McNutt came to Carson from Ohio, so it’s no surprise that he’s a huge Ohio State fan and admirer of the Buckeyes’ former football coach, the late Woody Hayes. “I’m a big Buckeye fan,” McNutt said. “Hayes is everything to me.”

So during his time when McNutt served as Carson’s offensive coordinator in football, it would have been understandable if he took a conservative approach like Hayes. But actually there was one year in which McNutt coached in which Carson had a passer who threw for more than 1,000 yards and two runners who rushed for more than 1,000 yards on a team that averaged nearly 400 yards a game.

During his time at Carson, McNutt also coached basketball, track and baseball and there was a time when he coached football, basketball and baseball during the same school year.

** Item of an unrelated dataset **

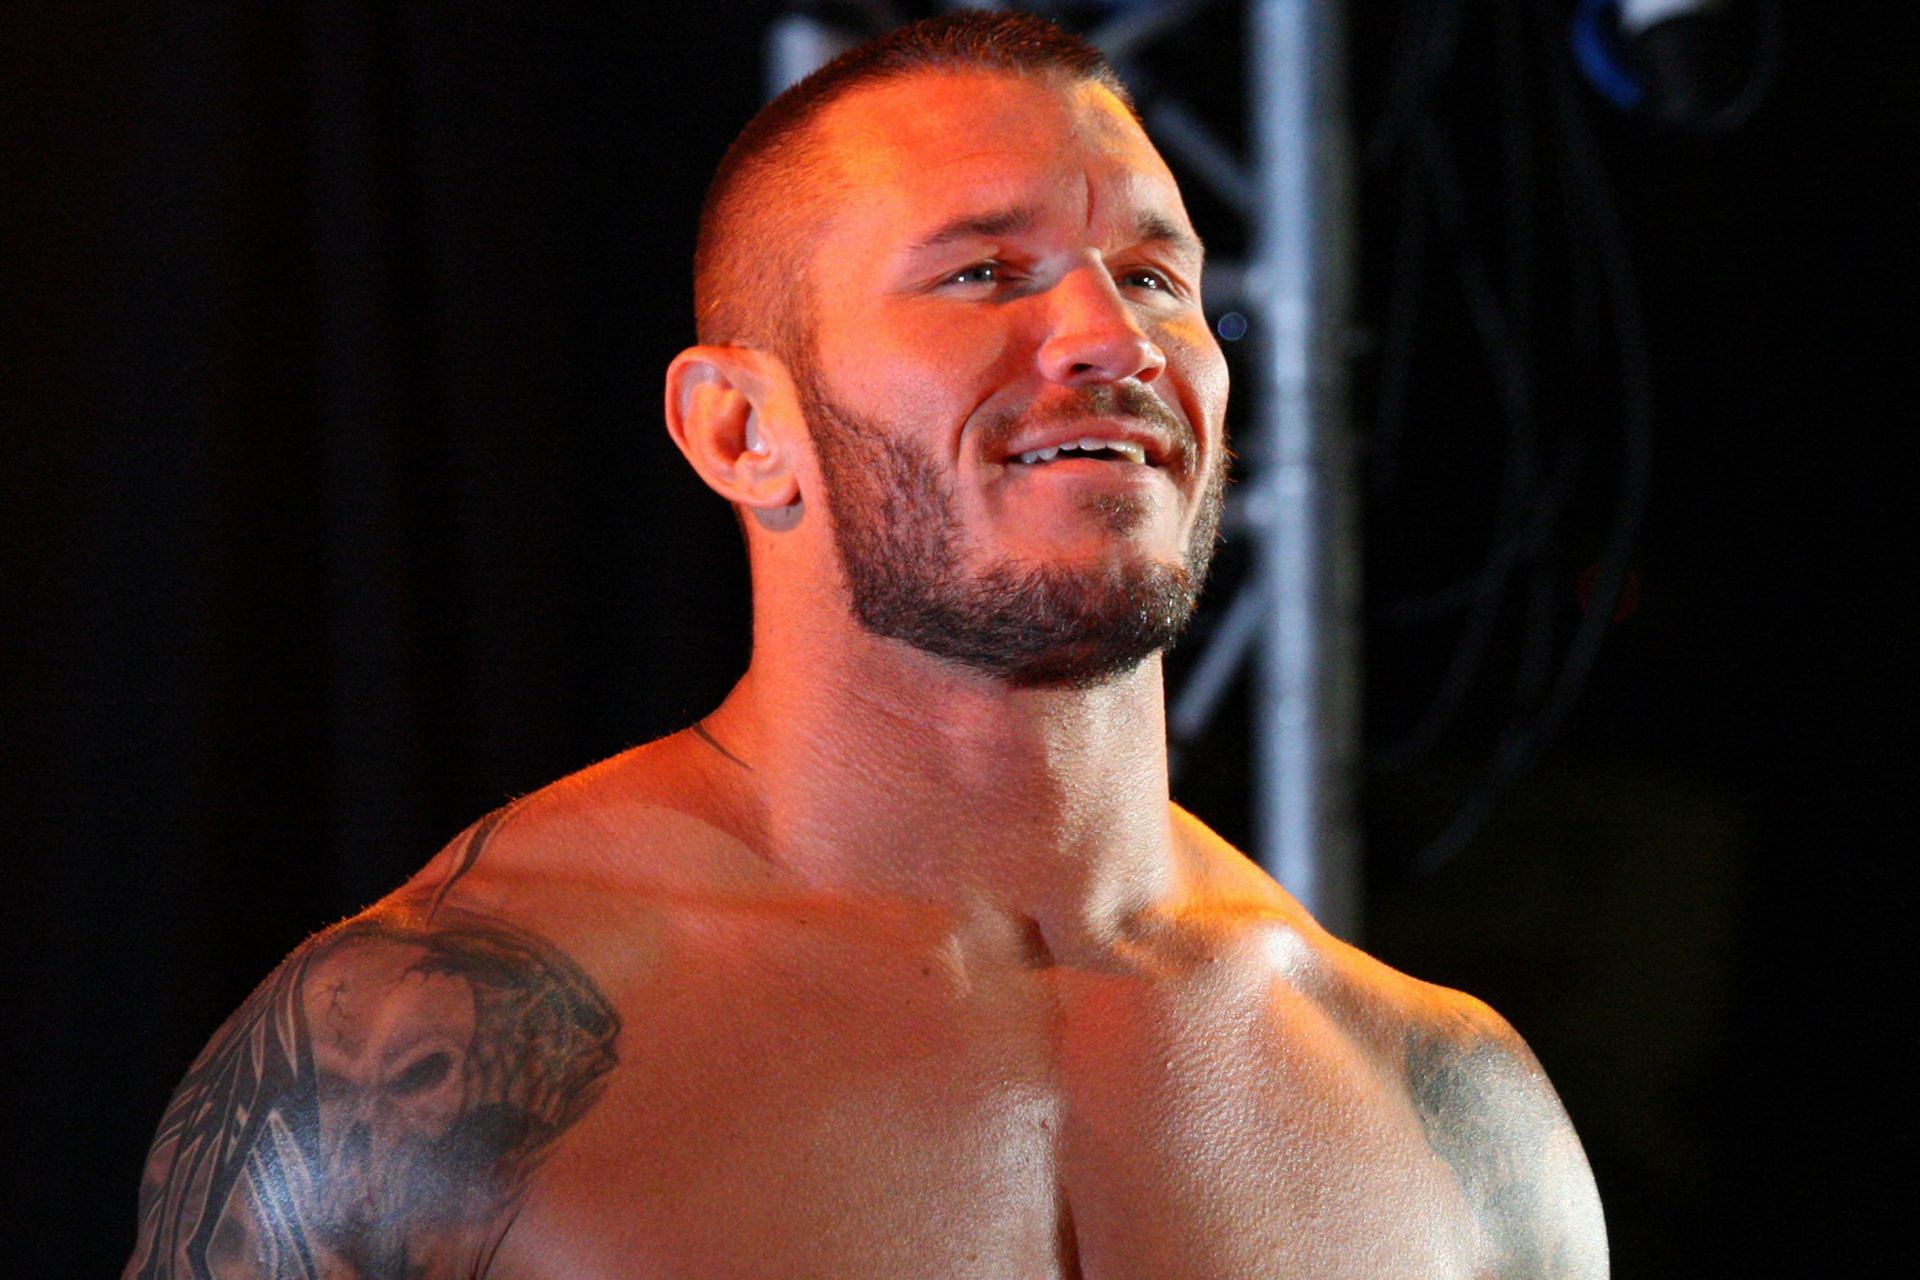 When will The Viper call it a career?

But obviously McNutt will be most remembered for his 29 years (1976-2004) as Carson’s baseball coach where he built a dynasty that won two state titles (1979, 1992).

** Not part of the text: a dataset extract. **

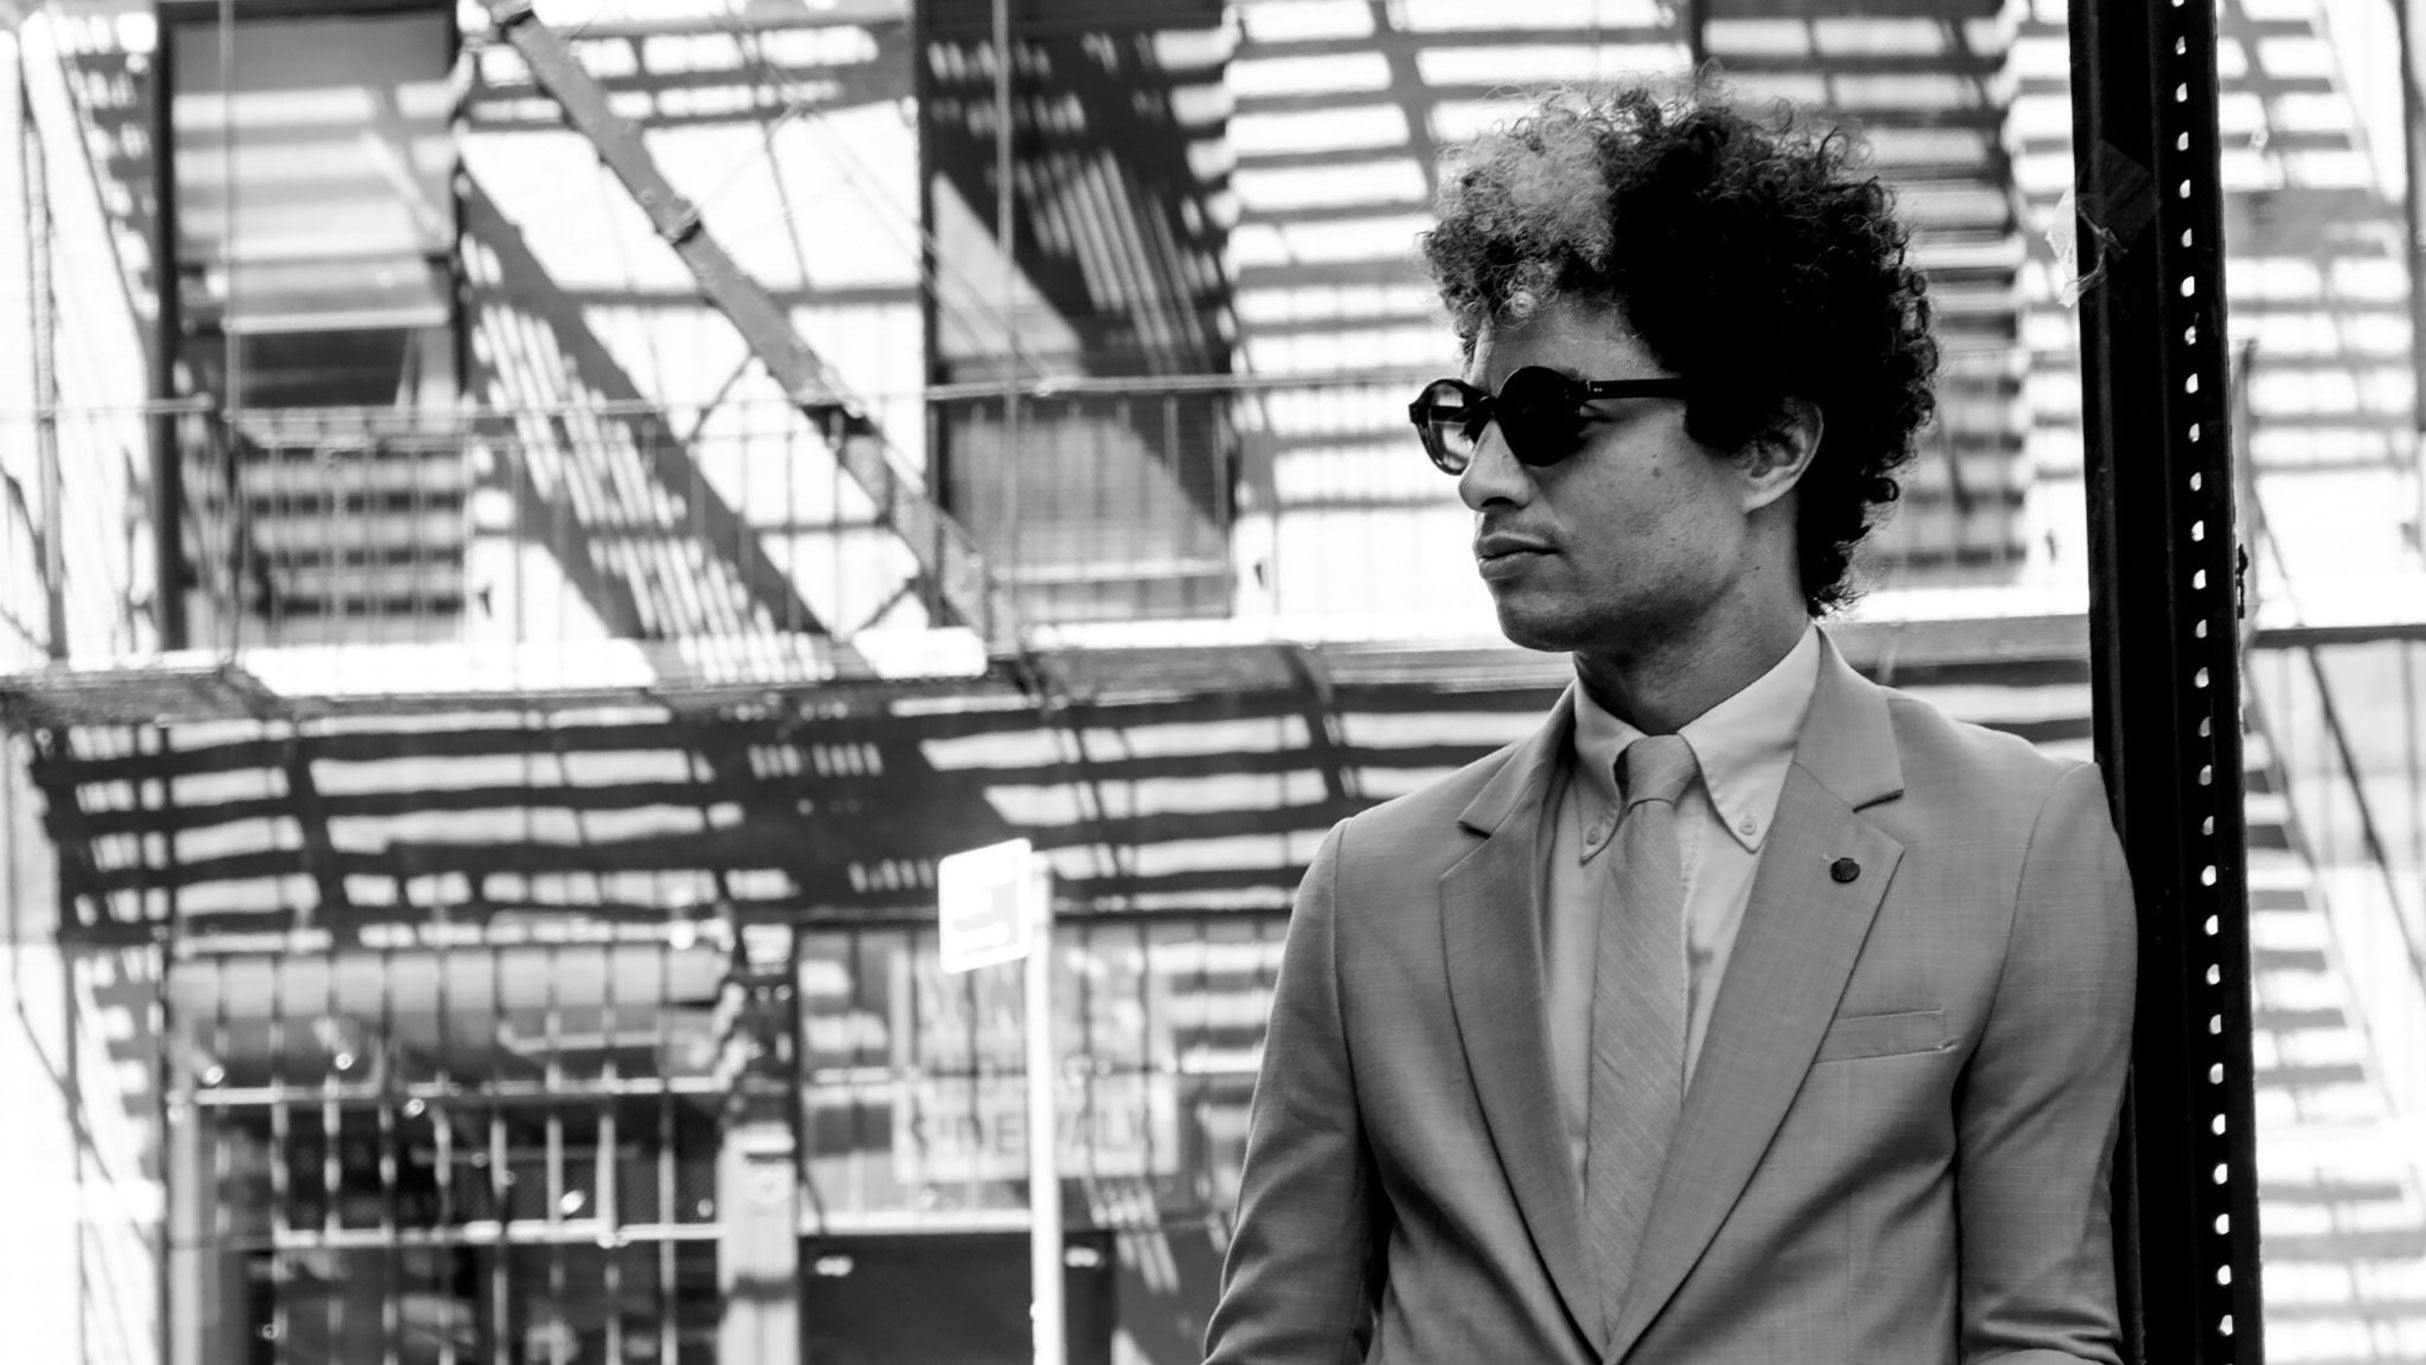 Jose James in Portsmouth event information

He’s also made his mark since he took over as athletic director. “You take a job because you hope you can make a difference,” McNutt said.

During his time as baseball coach, McNutt oversaw the significant upgrade of the field that now bears his name. As athletic director, he led the effort for a much needed concession stand-restroom facility that will also have dressing rooms for officials that’s now under construction.

Another project is the development of eight on-campus tennis courts, which McNutt hopes will be completed by next fall. He also instituted regular parent informational meetings for the fall, winter and spring sports seasons. In addition, he’s been involved in the first ever CHS alumni directory.

McNutt has directed an athletic program that consistently ranks near or at the top of the Nevada Interscholastic Activities Association’s Award of Excellence program. The program ranks schools’ sports programs for their performance in athletic competition, in academics and in sportsmanship.

Carson was the NIAA 4A’s state overall champion in 2002. After the fall and winter sports seasons, CHS ranks fourth this year (1,500 points) behind Reno High (1,570), Palo Verde (1,660) and Galena (1,910).

A major reason why Carson ranks so high is its strong performance in academics. Carson has won more state academic titles than any other school, meaning it has had more teams with the highest cumulative grade point average among all the state’s 4A schools in that sport.

“We’re very proud of that and it’s something that we stress,” McNutt said. “I don’t think there’s any school in the state that can match our school for academic excellence.

“Our athletic program is so misleading to a lot of people. A lot of people look at it as wins and losses and as a coach, you look at it as wins and losses.”

But McNutt said he has a more important standard for his athletic program. “You might beat us today but you’re going to be working for us tomorrow,” he said.